Background: Vincristine is one of the most important agents for pediatric acute lymphoblastic leukemia (ALL), but its extended use in maintenance therapy didn't offer additional benefit. Findings of the CCCG-ALL-2015 trial, comparing shortened vincristine and dexamethasone duration in later maintenance with standard maintenance, confirmed this view. As CEP72 SNP rs924607 C>T potentially increasing the cytotoxicity of Vincristine against leukemia cells. We analyzed its influence on prognosis of CCCG-ALL-2015 cohort.

Methods: This study included 945 pediatric ALL cases with enough bio-samples from Shanghai Children's Medical Center and the Second Affiliated Hospital of Anhui Medical University treated according to CCCG-ALL-2015 protocol as the discovery cohort. While, additional 100 T-ALL cases from the SCCCG-ALL-2016 cohort of the South China Children's Cancer Group were included as the validation cohort. PCR-Sanger sequencing was performed to genotype the CEP72 rs924607 locus and NOTCH1 among cases. Survival and relapse were estimated using the Kaplan-Meier method and compared with the log-rank test. CEP72 knocking down, γ secretase DAPT and NICD was overexpression in T-ALL cell line Jurkat and B-ALL cell lines Nalm-6 and Reh were applied to study CEP72, NOTCH1, Vincristine and T cell cytotoxicity and their functional interaction.

Results: Consistent with previous whole cohort reports, vincristine duration reduction showed no impact on outcomes in our 945-case sub-cohort (B-ALL: N=812; T-ALL: N=133), stratified by risk category (LR: N=459; IR: N=465). Furthermore, CEP72 genotype similarly lacked prognostic significance across risk groups or randomized arms, while immunotype-specific analyses revealed striking divergence: B-ALL patients with mutant genotypes (TT/CT,N=444) exhibited superior EFS/CIR versus wild-type (CC, N=368), particularly in the IR subgroup (mutant: N=180 vs wild-type: N=161; HR for EFS=0.63, 95% CI: 0.43-0.94; p=0.02). While in T-ALL patients, those with the CEP72 mutant genotype (N=86) showed inferior outcomes compared to wild-type cases (N=47) including EFS (HR=2.84, 95% CI: 1.47-5.48, P=0.0092), CIR, and OS. Stratified by randomized arms, patients with standard maintenance who had mutant CEP72 showed the poorest outcomes, while patients treated by shortened vincristine, the CEP72 genotype did not affect patient outcomes. Validation in the independent SCCCG-ALL-2016 cohort treated by standard maintenance confirmed the adverse prognostic impact of CEP72 mutations (EFS HR=2.4, 95% CI: 1.06-5.43; p=0.034).
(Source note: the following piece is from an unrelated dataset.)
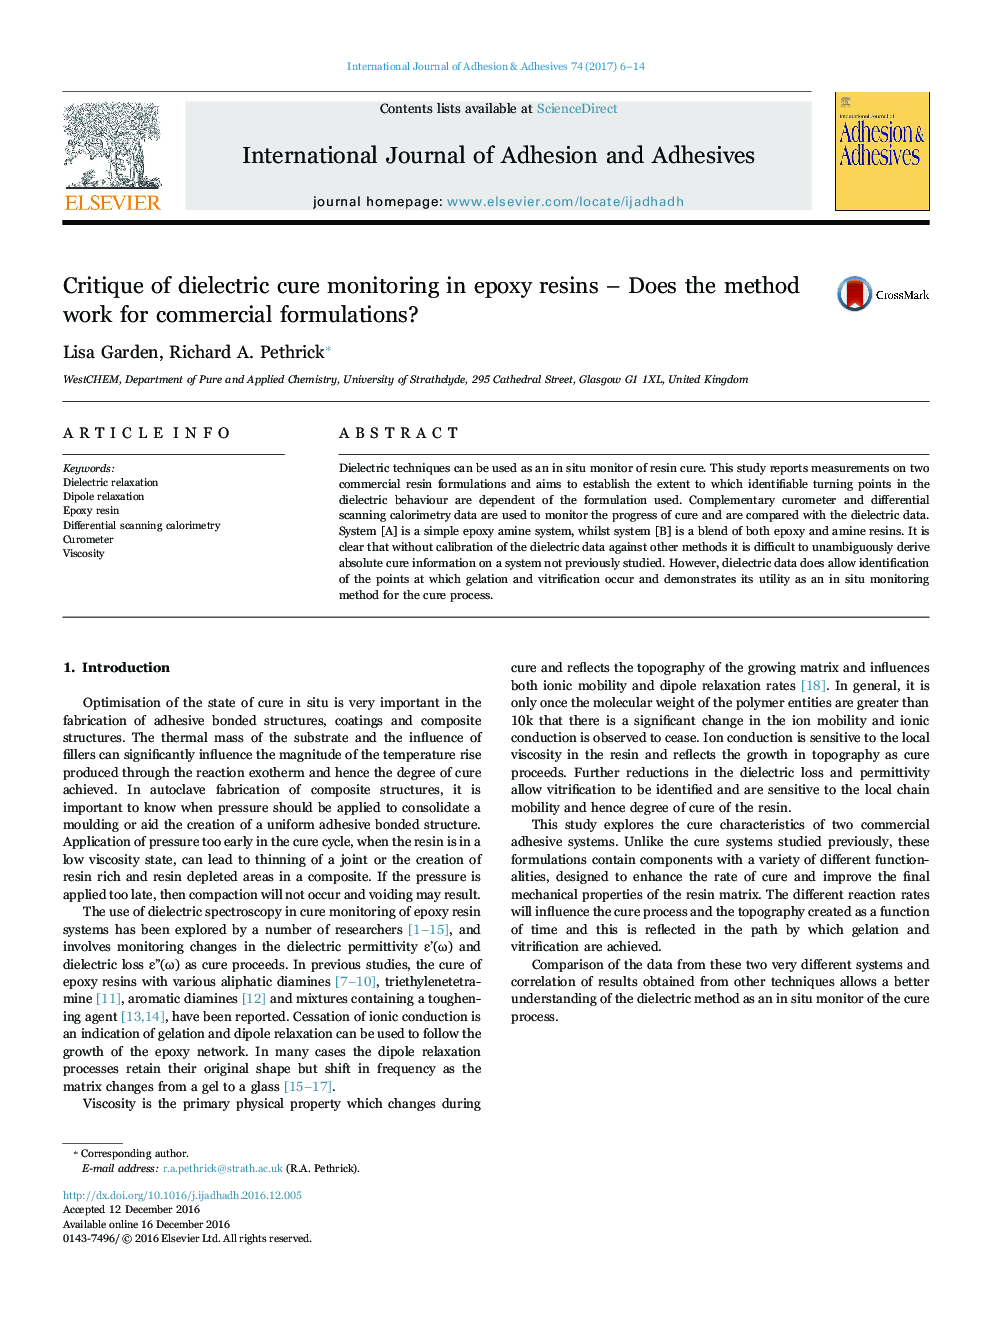 Critique of dielectric cure monitoring in epoxy resins - Does the method work for commercial formulations?

Unable to explain CEP72 deficiency on the outcome of T-ALL by sensitivity of leukemia cells to vincristine, we hypothesized that CEP72-deficient immune cells might be more susceptible to vincristine. To test this, we used shRNA to interfere CEP72 expression in normal T cells and found that the blinatumomab dependent or independent cytotoxicity against Reh and Nalm-6 were significantly reduced. However, after knocking down CEP72 expression in the T-ALL cell line Jurkat and the B-ALL cell lines Nalm-6 and Reh, unlike the increased sensitivity of Nalm-6 and Reh to vincristine, Jurkat did not show increased sensitivity to vincristine. Since NOTCH1 activate mutations are the most common drivers in T-ALL, we supposed that NOTCH1 alterations might modulate vincristine response in leukemia cells, while normal T cells without NOTCH1 mutation remained affected by the CEP72 genotype. As we expected, standard maintenance treated patients, both in CCCG-ALL-2015 and SCCCG-ALL-2016 cohort, simultaneous harboring CEP72 loss-of-function and NOTCH1 mutations had the worst prognosis. In vitro experiments confirmed this interaction: γ-secretase inhibitor (DAPT) treatment increased vincristine sensitivity in NOTCH1-mutated Jurkat cells, whereas NICD overexpression conferred resistance in NOTCH1-wild-type B-ALL lines (Nalm-6/Reh).

Conclusions: T-ALL with NOTCH1 mutations exhibit increased resistance to vincristine, while normal T cells remain influenced by the CEP72 genotype. As a result, T-ALL patients with somatic NOTCH1 mutations who carry the germline loss-of-function polymorphism rs924607 experience worse prognosis when treated with more vincristine. This phenomenon reveals the crosstalk between somatic mutations and germline variants, as well as between chemotherapy and the immune microenvironment, collectively impacts T-ALL prognosis.